Monday, February 6, 2012
Plagiarism, originality, and the fuzzy truth
No. Sometimes, for whatever reason, a lot of different bloggers think about a topic at the same time. Sometimes people have a different take on the same topic, and they have something to add. Complaining about a popular blogger posting about something I blogged about last week would be akin to stomping my feet and whining that someone else reviewed the same book I did, or that someone in the readalong wrote about the same thing I did. (None of them did; we had a refreshing gamut of opinions.)
The same goes for fiction releases. You may have noticed a lot of books being released with similar descriptions, or whose ideas seem remarkably similar. Sometimes, these books aren't based on a trend that's currently popular, and yet they come out within a week or two of one another. Who copied who, there?
Probably neither. There's a handy German word, zeitgeist, which I learned in my psychology background. It means, literally, "spirit of the times," and it refers to the cultural climate, and also to the knowledge and arts that have contributed to create that climate. I find it's a useful term when I'm talking about literary trends that spring up seemingly overnight, without any obvious trigger. Some trends come from the popularity of one book or series, but most of them appear in clusters. That's not a publishing house conspiracy; it's zeitgeist. Several different people grew up consuming the same media, observing the same events on the news, ingesting information the same way. This generation's writers shared a lot of the same environments and experiences growing up, and so they're able to process things in a way that's familiar to this generation of readers. People writing epic fantasy in its early years may have been copying Tolkien, or they might have read up on their Joseph Campbell.
There's more that goes into it, too.
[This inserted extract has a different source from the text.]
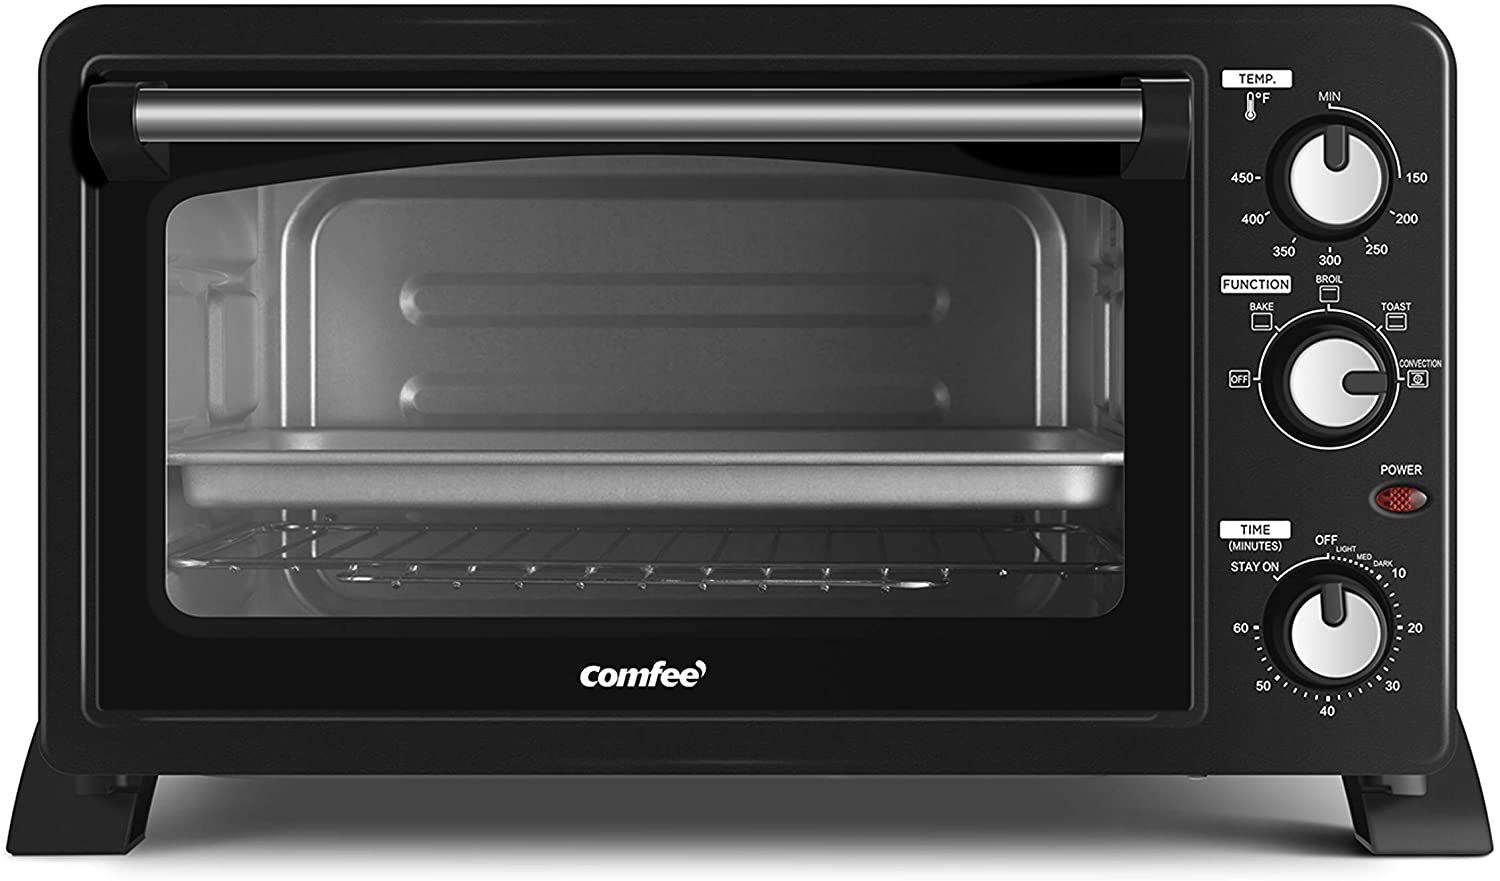 COMFEE’ CC2501 Countertop Toaster Convection Oven
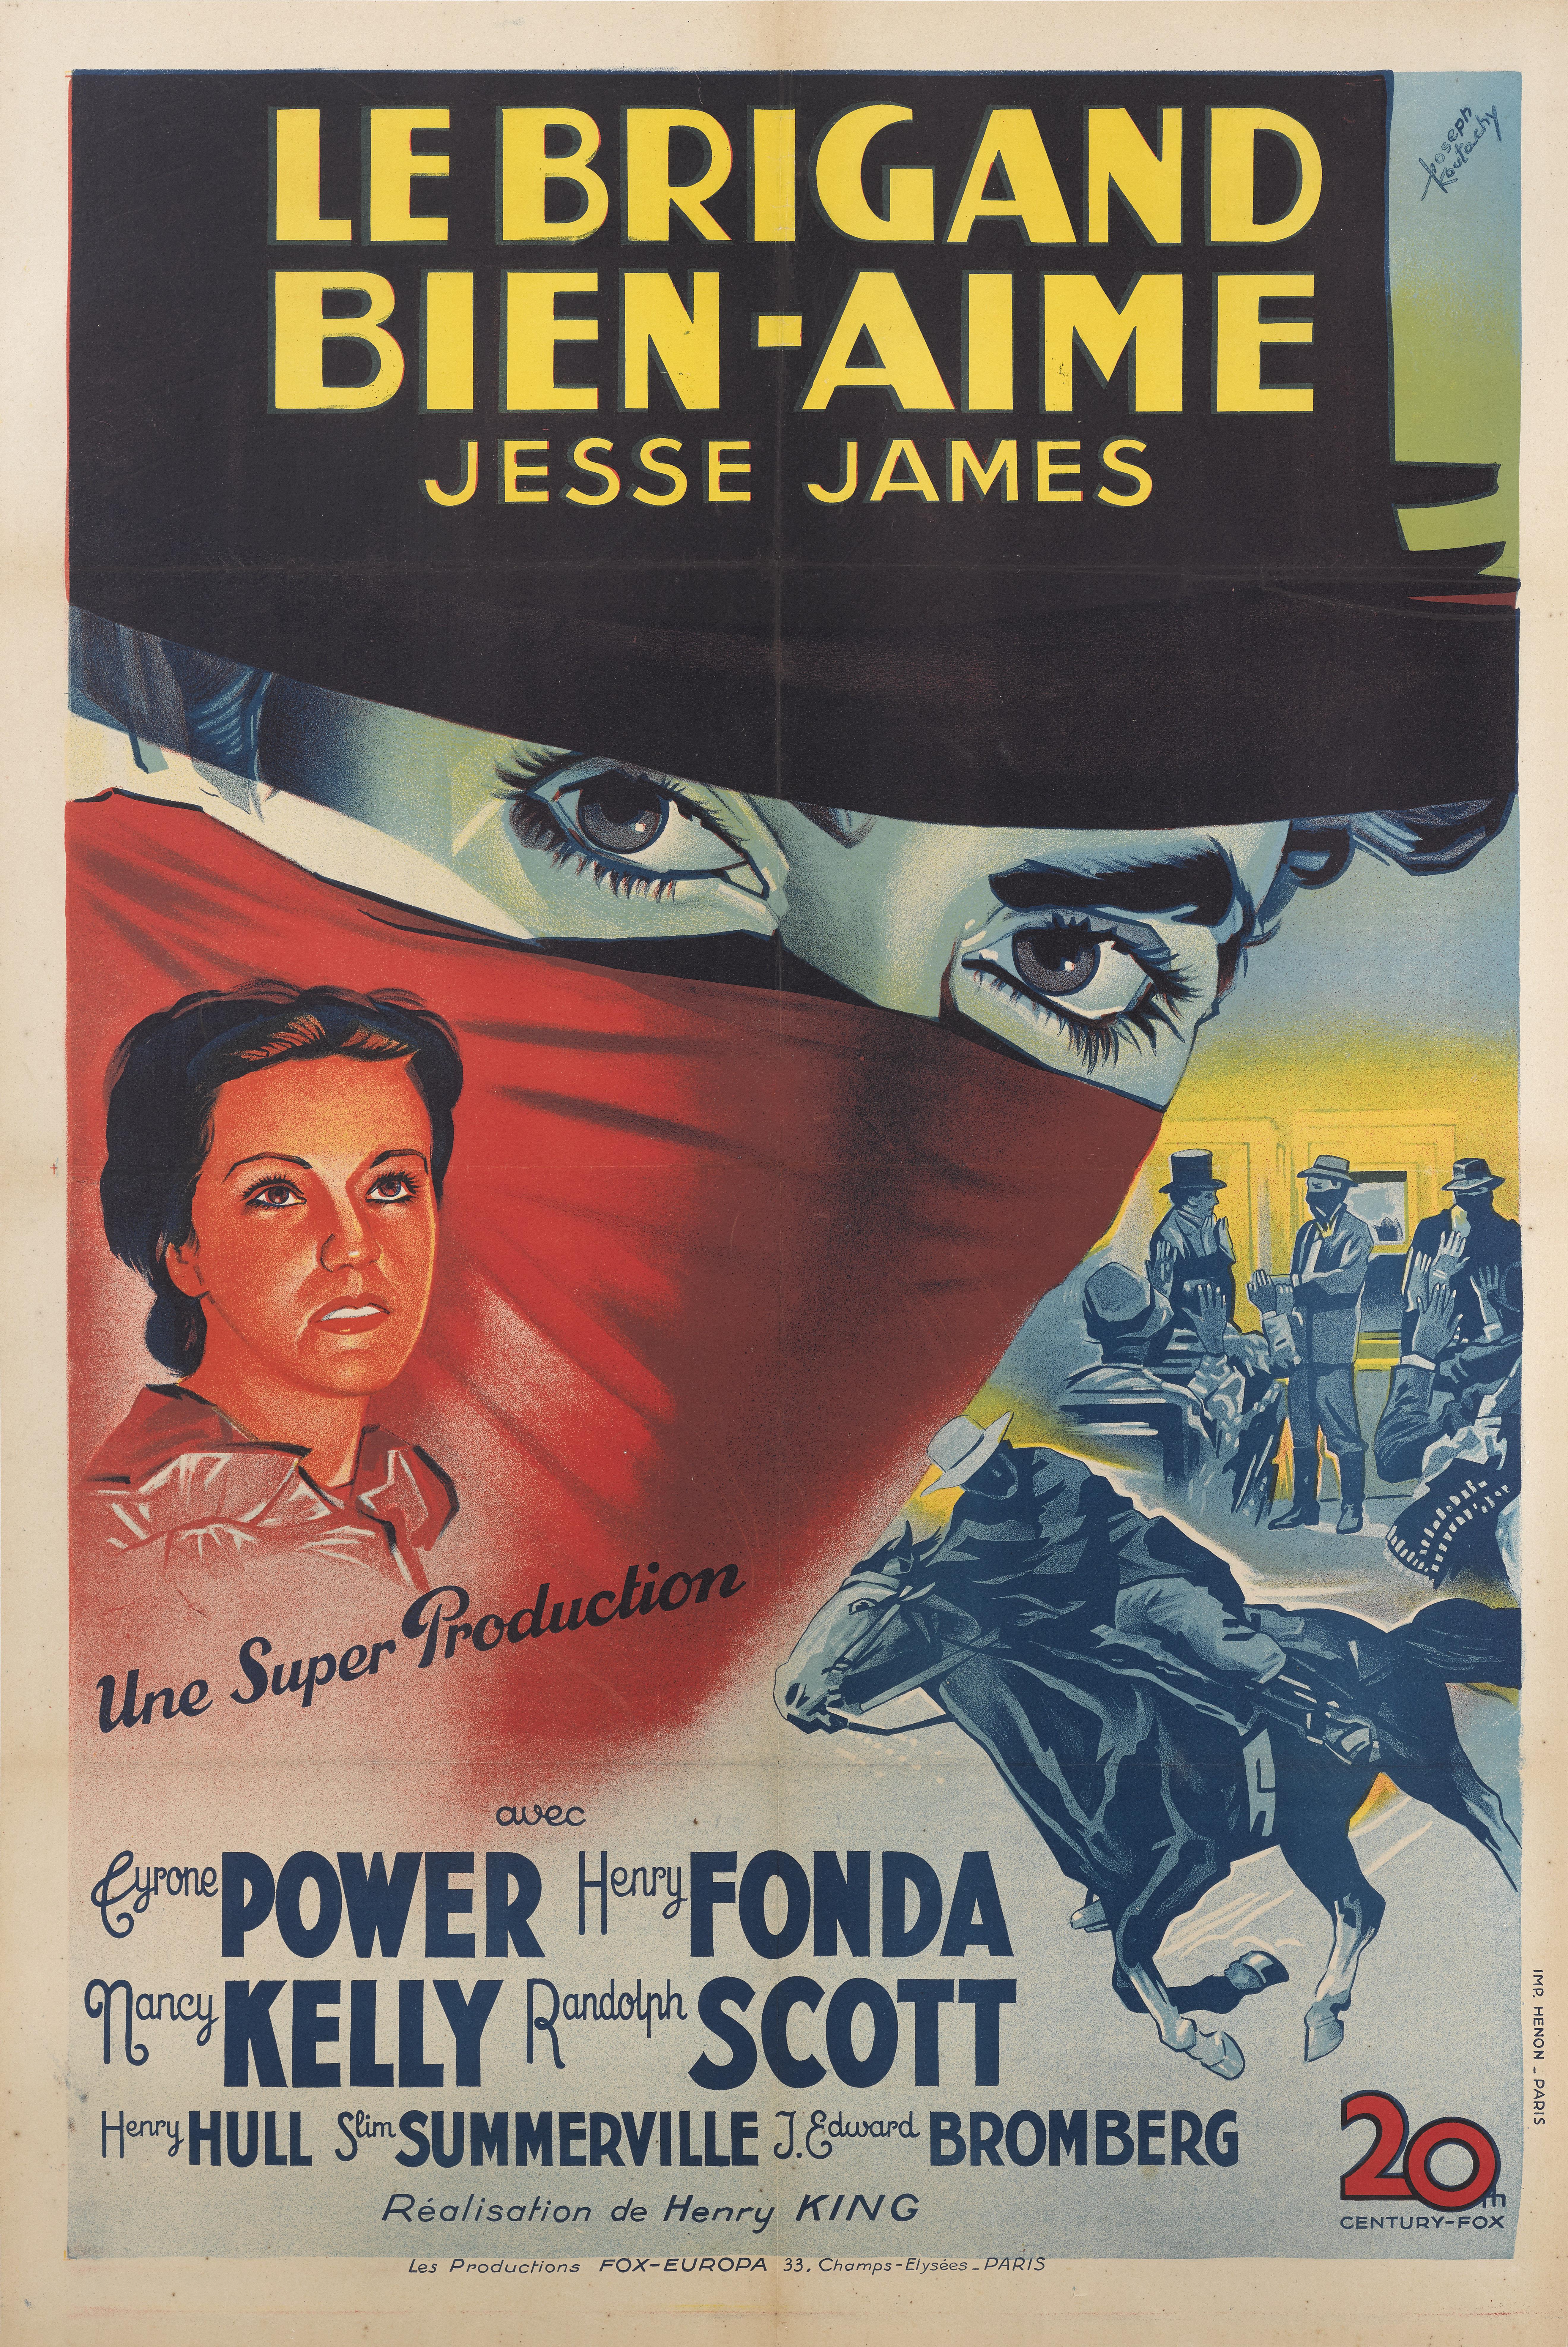 Originales französisches Filmplakat für den Western von 1939. Der Film wurde unter der Regie von Henry King gedreht und zeigt Tyrone Power, Henry Fonda, Nancy Kelly und Randolph Scott. Der Film basiert im Wesentlichen auf dem Leben des berüchtigten

At the very core of stories, you have three basic plots: person vs. person, person vs. nature, person vs. self. My high school freshman English teacher taught us this, and, for the rest of the year, referred back to it by asking us which of the basic plots came into play. Some of the better stories were some mixture of all three elements, but those plots were still there. It taught me early on that originality is a myth. Every story is derivative of another, and boils down to one of the basic plots. If we distract ourselves with how similar plots are, we miss out on the parts of it that are fresh and new.
I've found that plots that strive to be unexpected and new end up either nonsensical or jarring, and neither is a positive reading experience. There's plenty of room for surprising readers while sticking to a formula, exciting readers while presenting a predictable plot, or amusing readers despite the low-key language. I've seen each performed masterfully, and I've seen people try for fresh and new who had terrible execution.
That said, there is such a thing as plagiarism in the writing community. People do steal passages, or entire books with the character names switched around, or stories off the web. Be wary of ebooks whose authors you're unfamiliar with, for that very reason. But blatant plagiarism and what people call plagiarism when a book happens to share elements with another are entirely different.
Personally, I like playing with cliché elements and turning them on their heads, but that's a trope all its own. (Potential time sink warning — that site can suck you in for hours.) I'm not trying for originality. All I want out of the stories I tell is that they say something the way I want to say it. Sometimes, that will mean saying something someone else already has. All that matters to me is that it resonates better with someone than the old way of saying it.